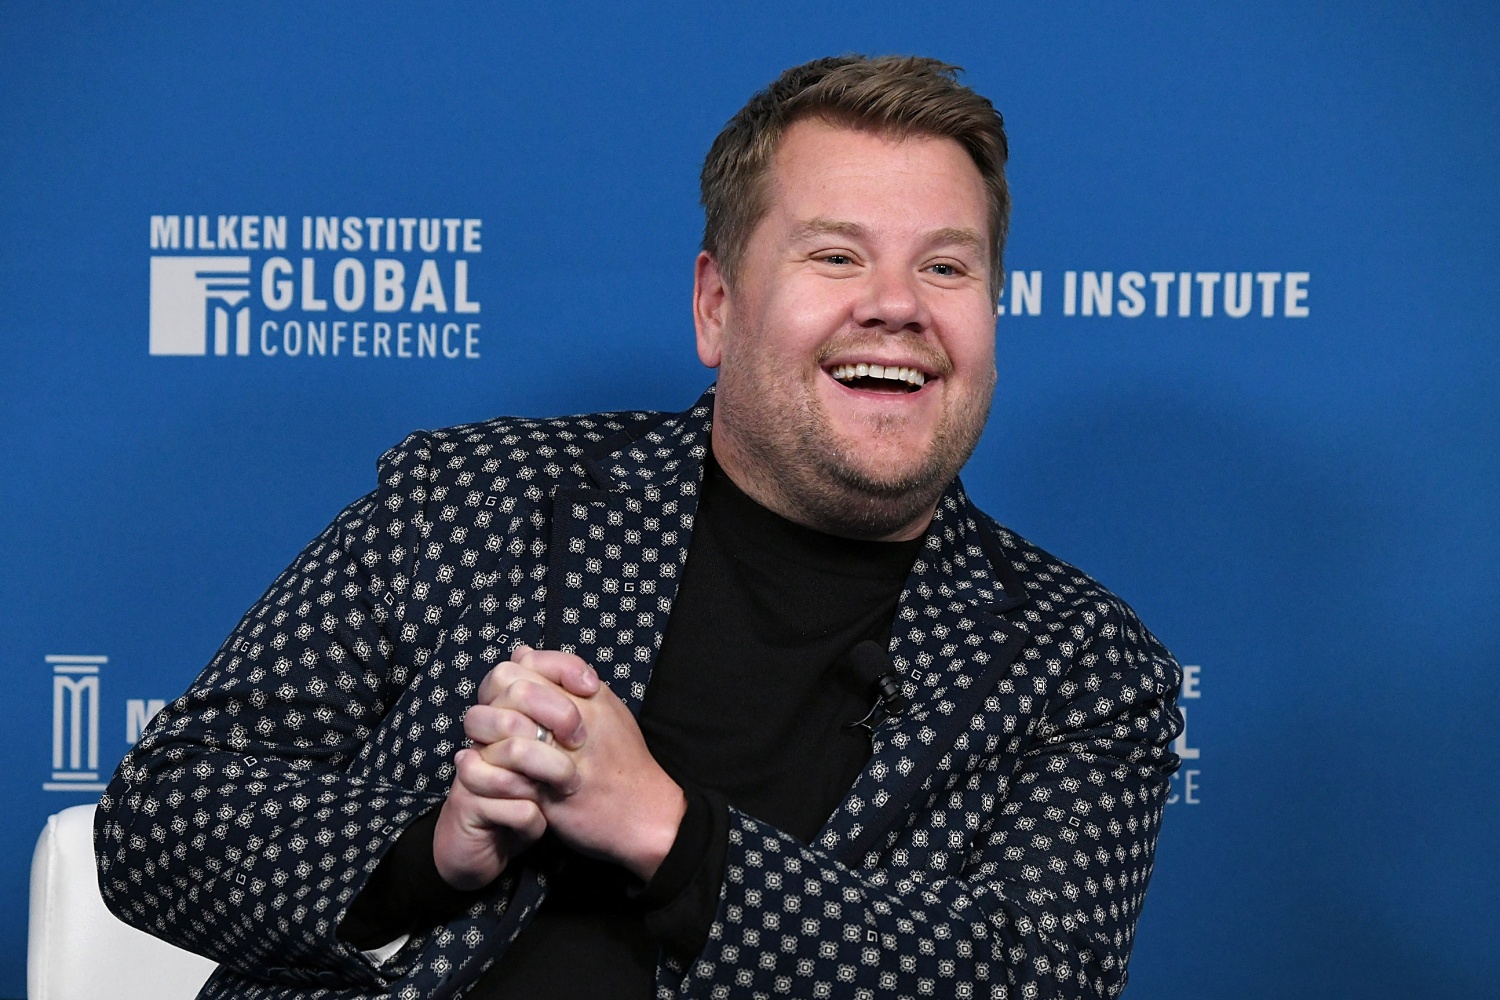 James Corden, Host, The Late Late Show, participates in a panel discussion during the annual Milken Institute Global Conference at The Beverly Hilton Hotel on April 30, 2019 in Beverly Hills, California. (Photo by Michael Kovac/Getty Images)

....................

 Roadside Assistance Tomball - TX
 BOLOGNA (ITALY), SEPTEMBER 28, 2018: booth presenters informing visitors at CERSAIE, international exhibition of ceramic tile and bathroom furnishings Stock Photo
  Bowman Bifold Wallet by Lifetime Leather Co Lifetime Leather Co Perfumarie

....................

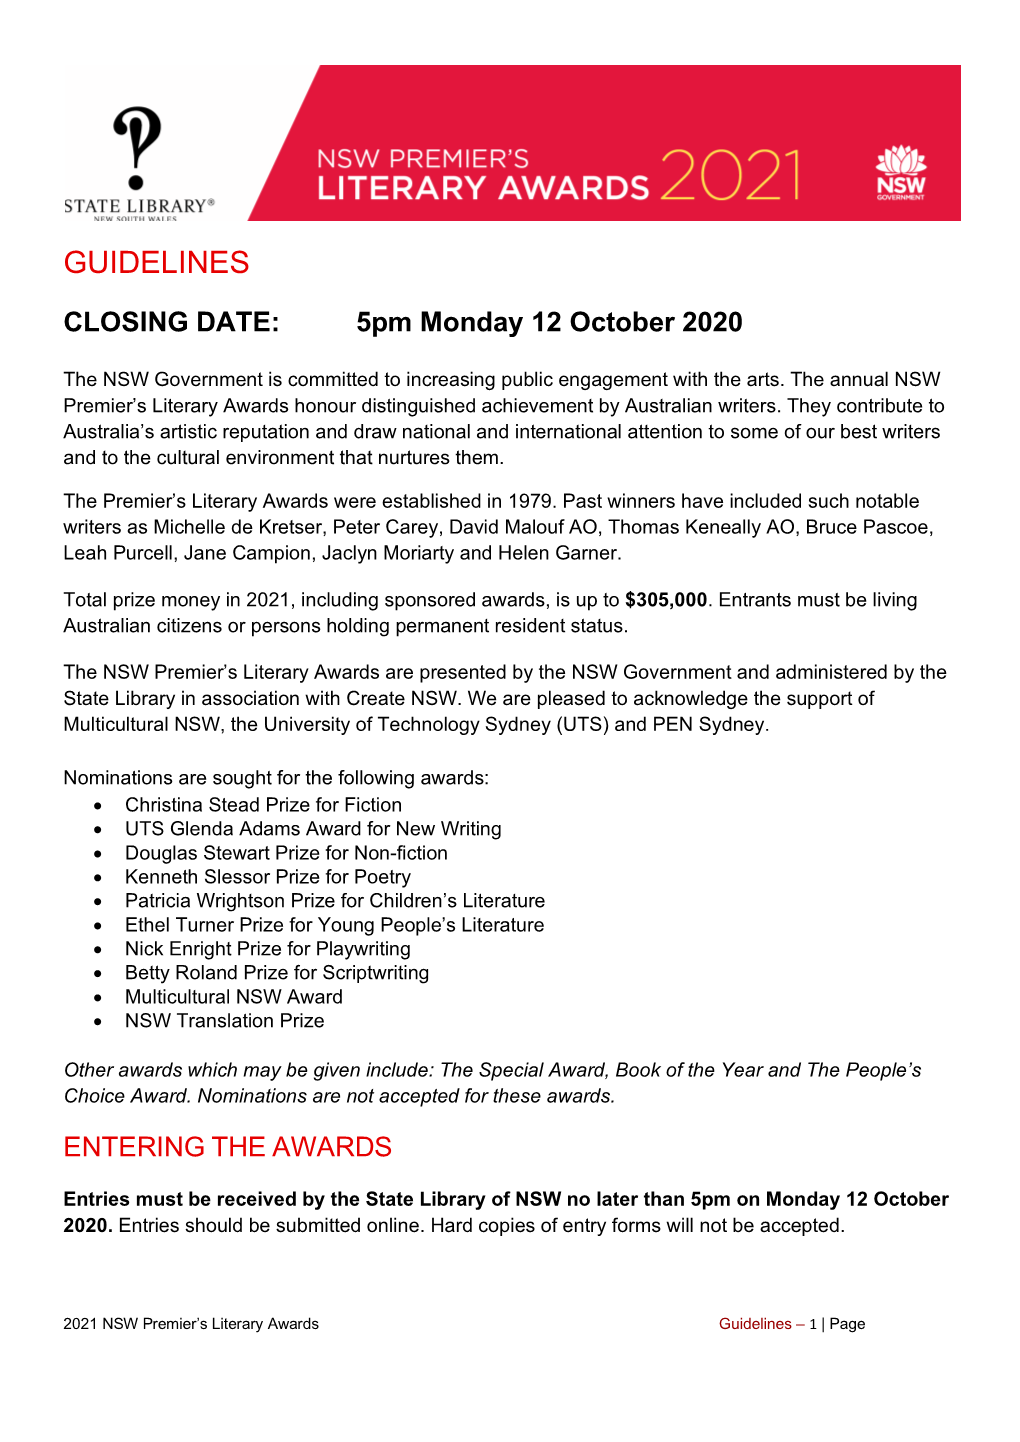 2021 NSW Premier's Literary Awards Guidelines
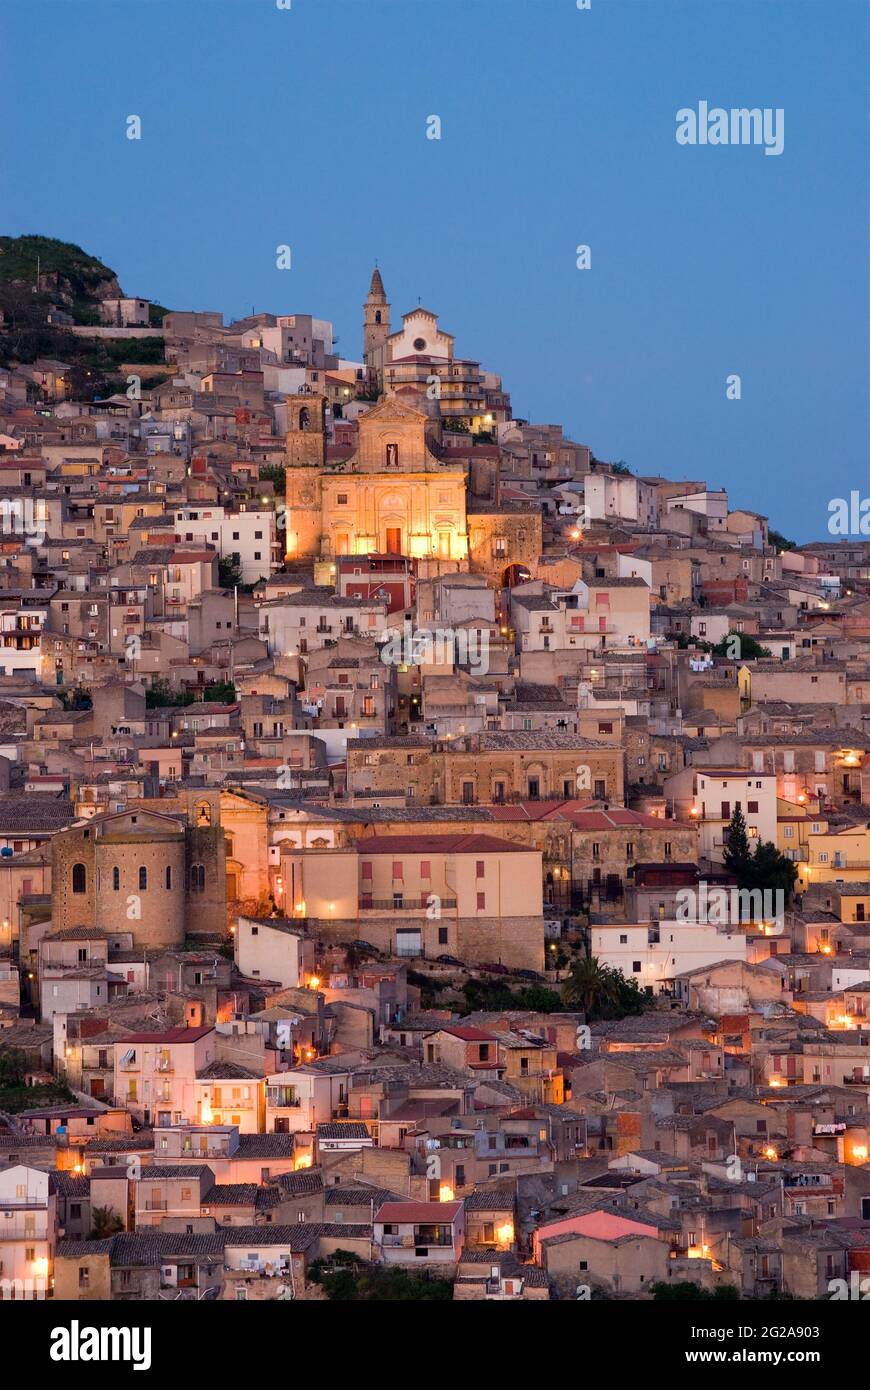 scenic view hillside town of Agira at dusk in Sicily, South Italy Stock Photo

....................

- Task details -
Could you output exactly the lines above, from the line with "2021 NSW Premier's" up to and including the line with "scenic view hillside", and nothing else, skipping the pictures?

- Response -
 2021 NSW Premier's Literary Awards Guidelines
 scenic view hillside town of Agira at dusk in Sicily, South Italy Stock Photo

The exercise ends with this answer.